_DATA SEGMENT_

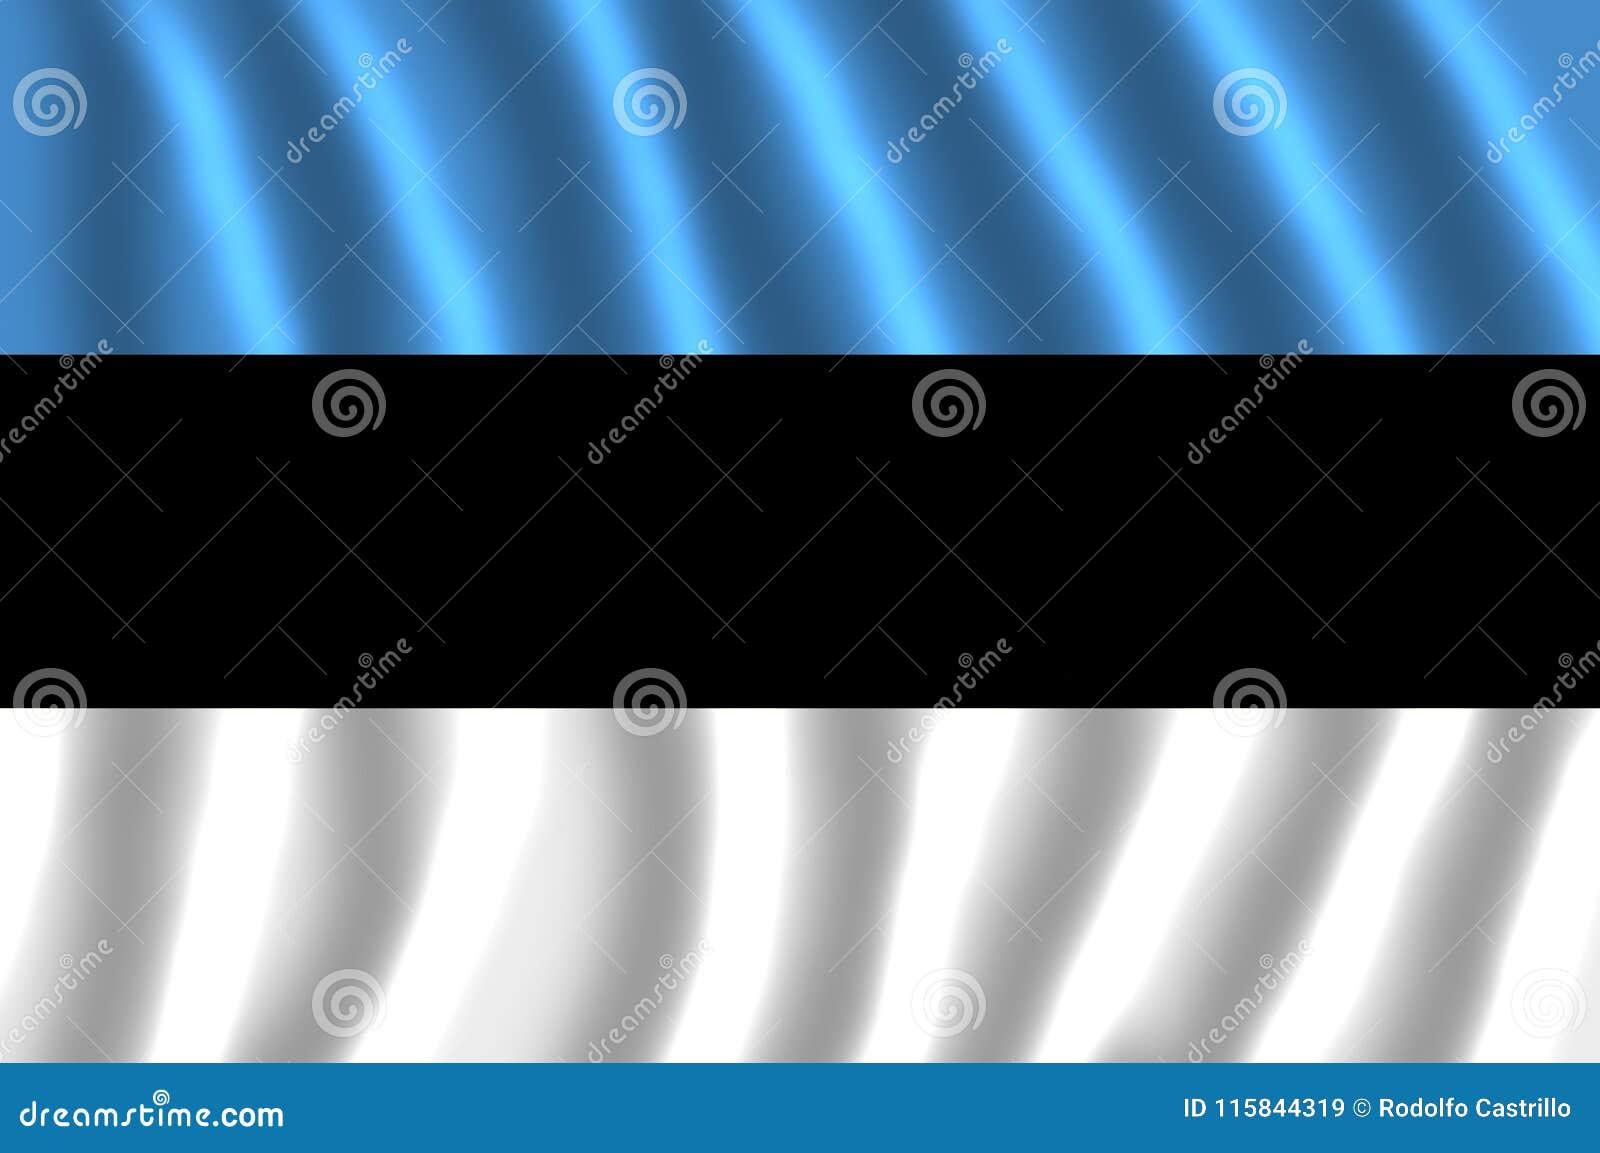 国旗爱沙尼亚振翼
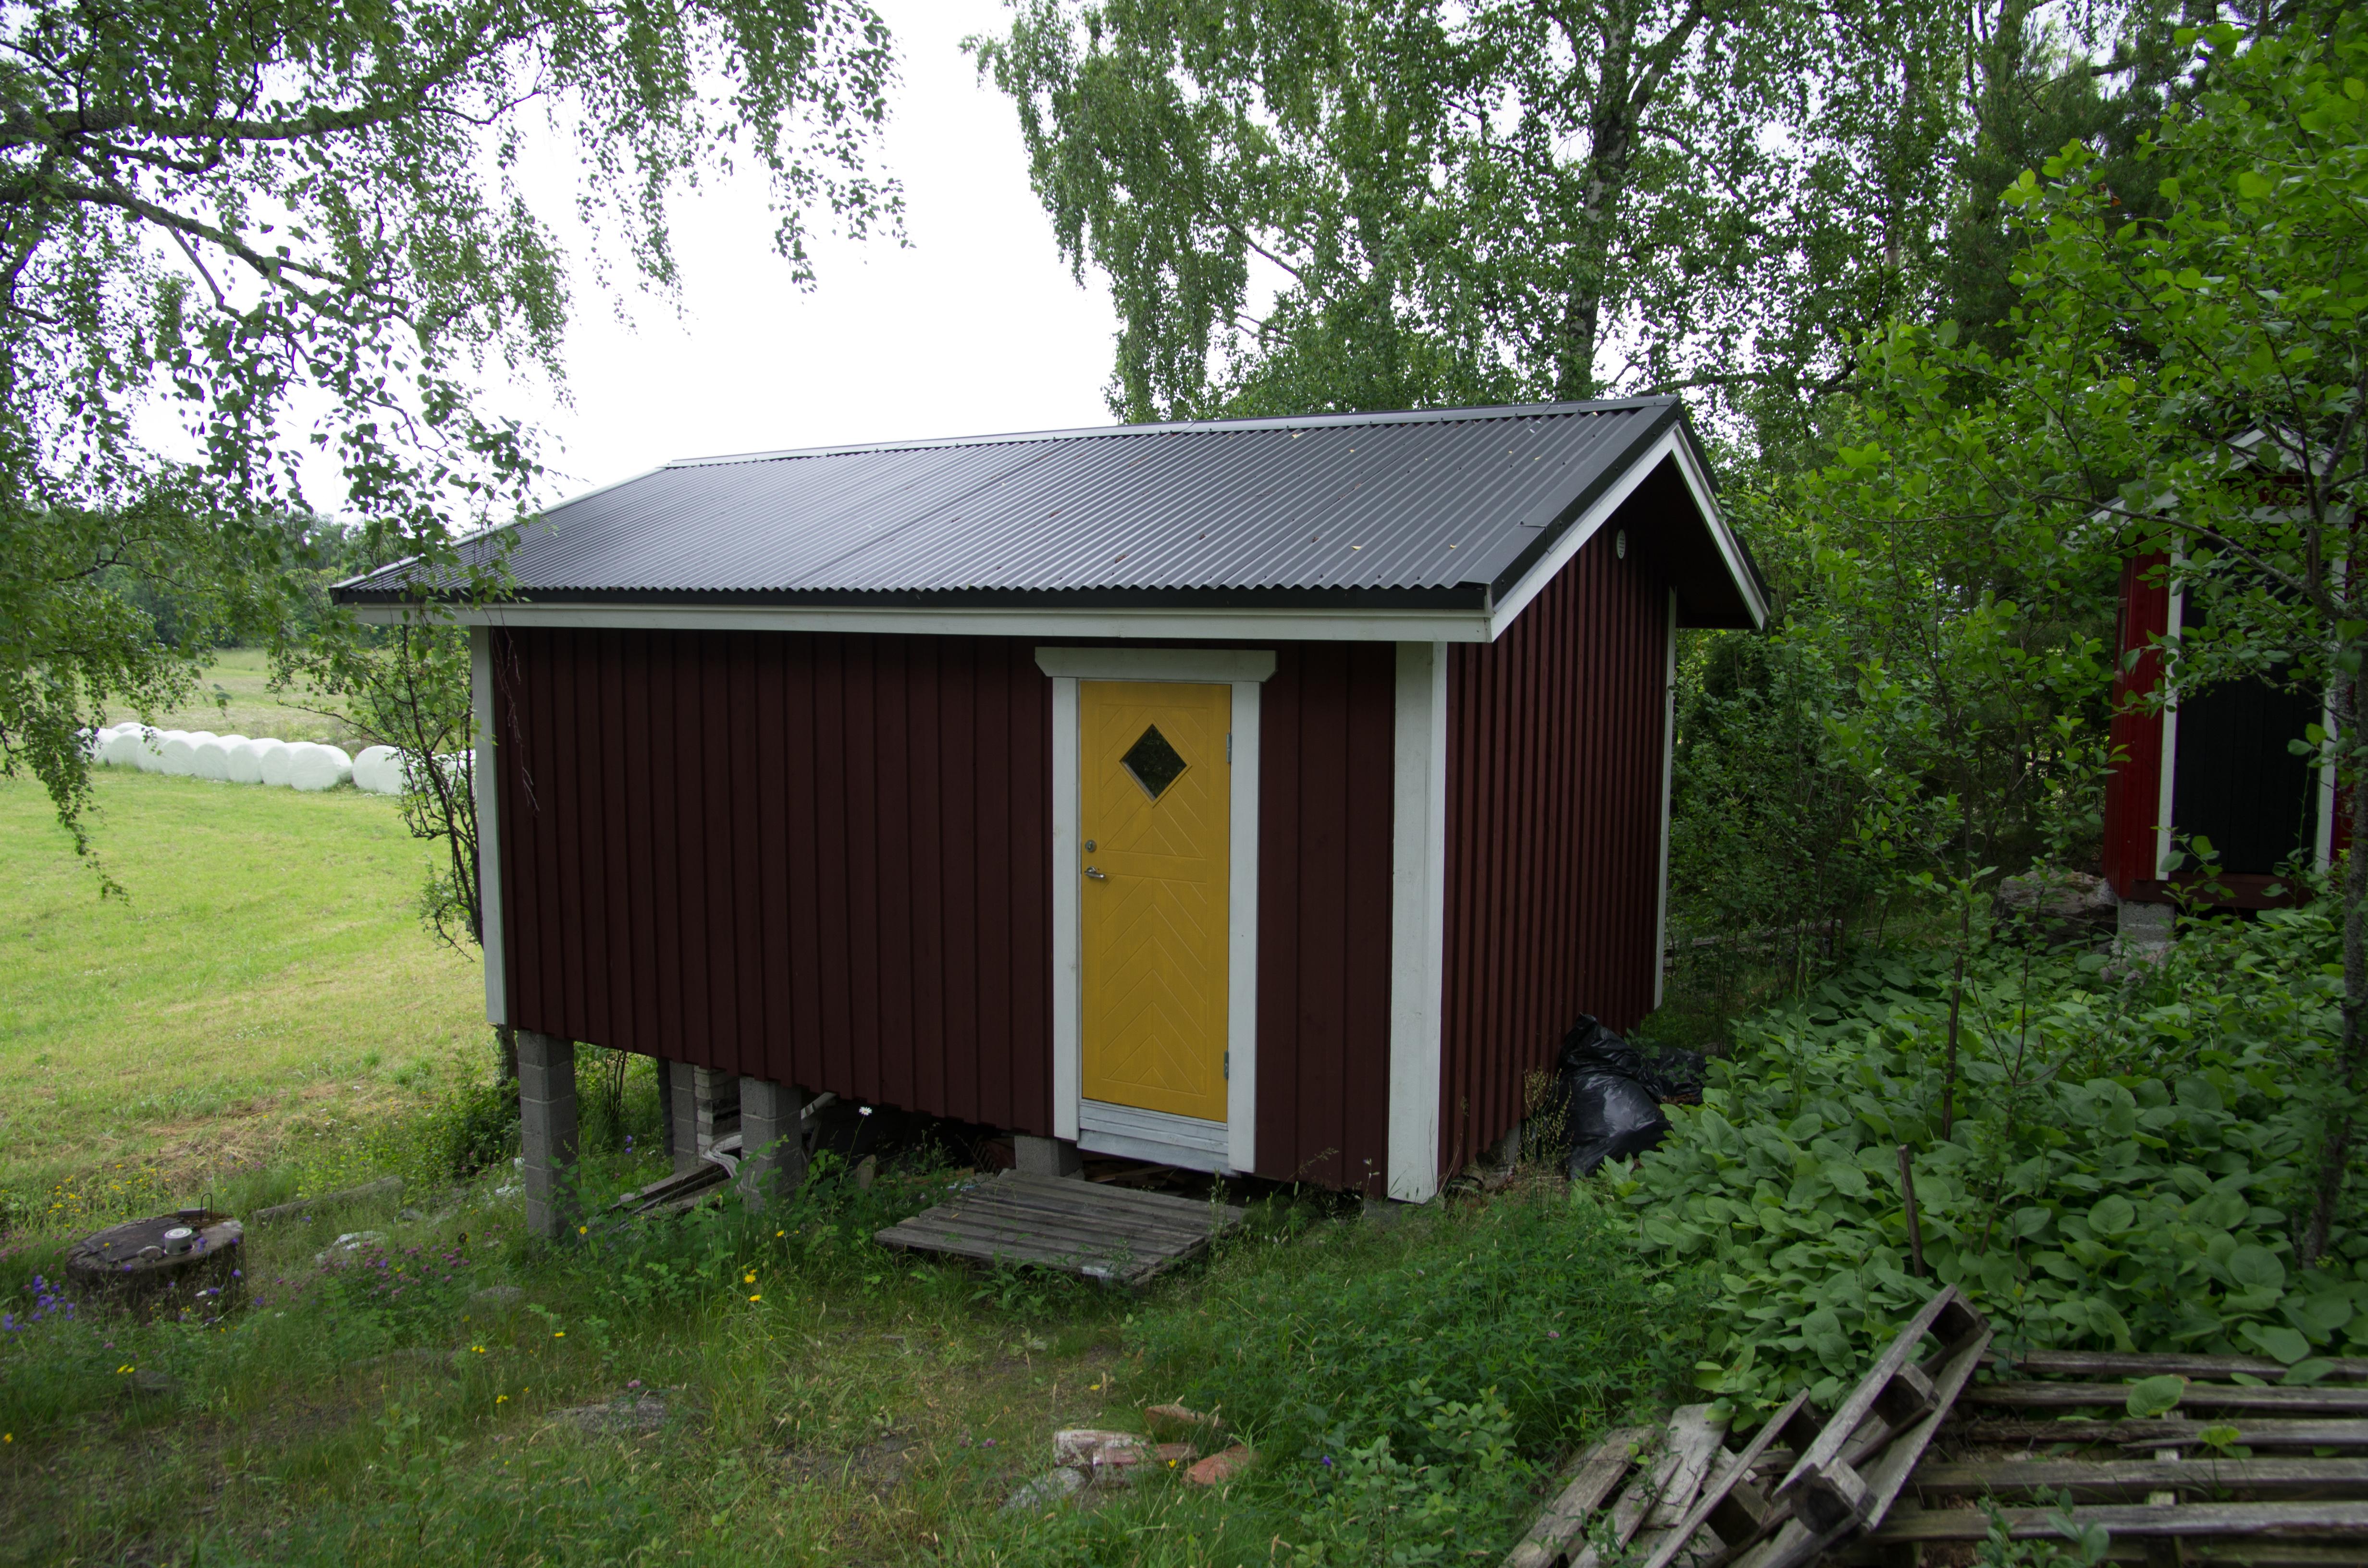 Alvorlig Bildet : bygning, skur, hytte, shack, Hagen, uthus, finland YW-62
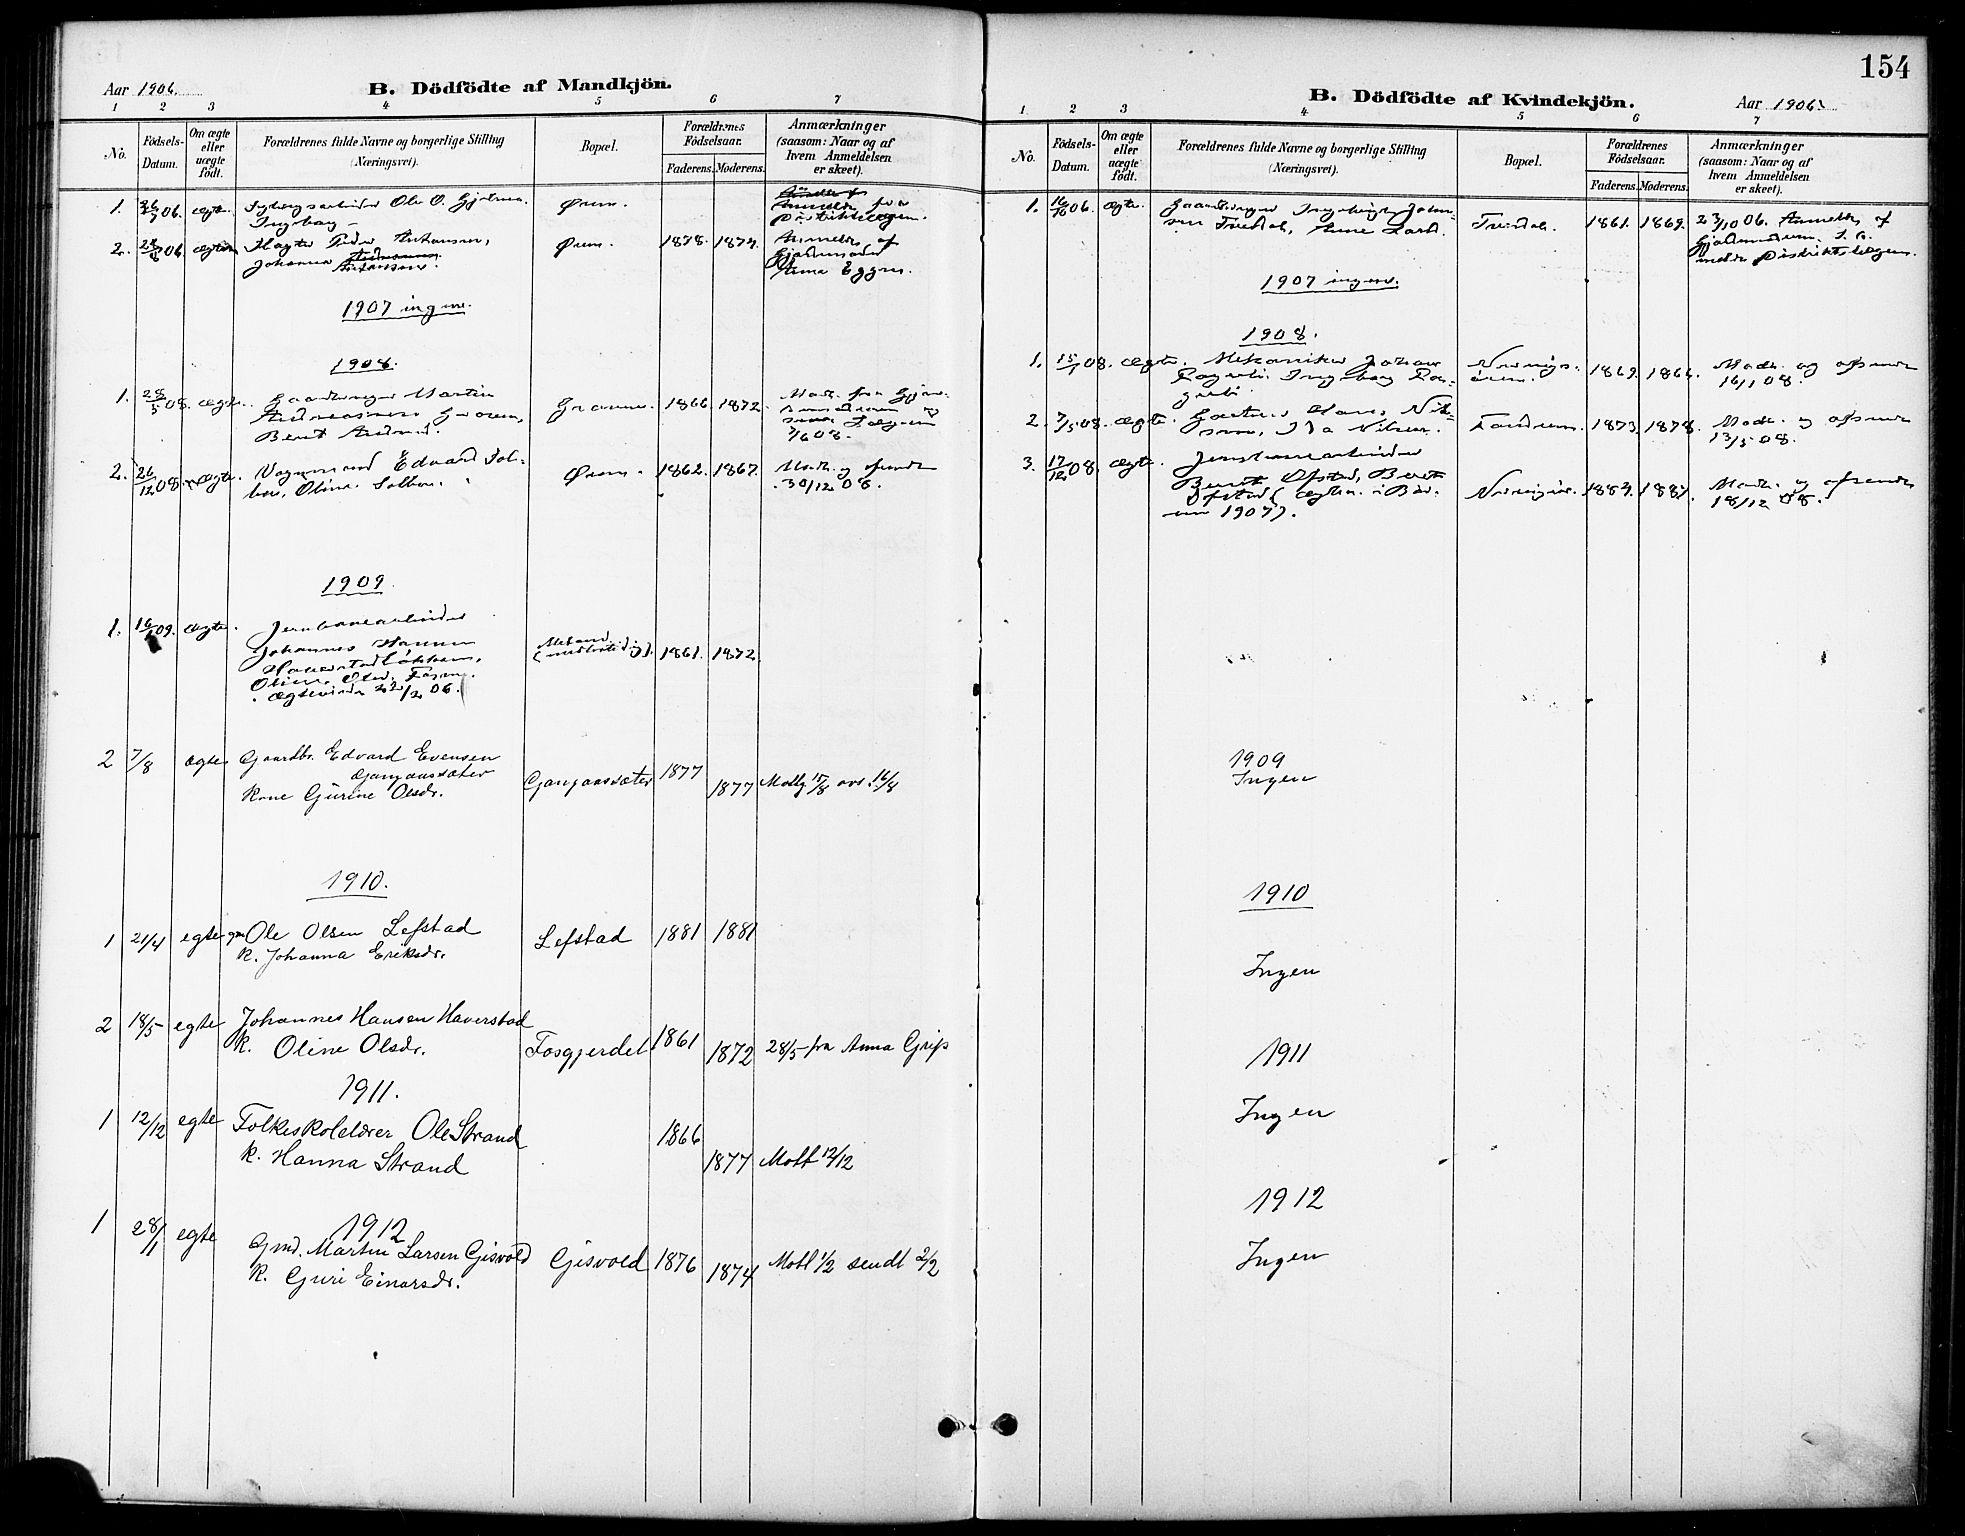 SAT, Ministerialprotokoller, klokkerbøker og fødselsregistre - Sør-Trøndelag, 668/L0819: Klokkerbok nr. 668C08, 1899-1912, s. 154

_WHAT THE TASK ASKS_
Reproduce the listing verbatim, pictures excluded.

_RESPONSE AREA_
 国旗爱沙尼亚振翼
 Alvorlig Bildet : bygning, skur, hytte, shack, Hagen, uthus, finland YW-62
 SAT, Ministerialprotokoller, klokkerbøker og fødselsregistre - Sør-Trøndelag, 668/L0819: Klokkerbok nr. 668C08, 1899-1912, s. 154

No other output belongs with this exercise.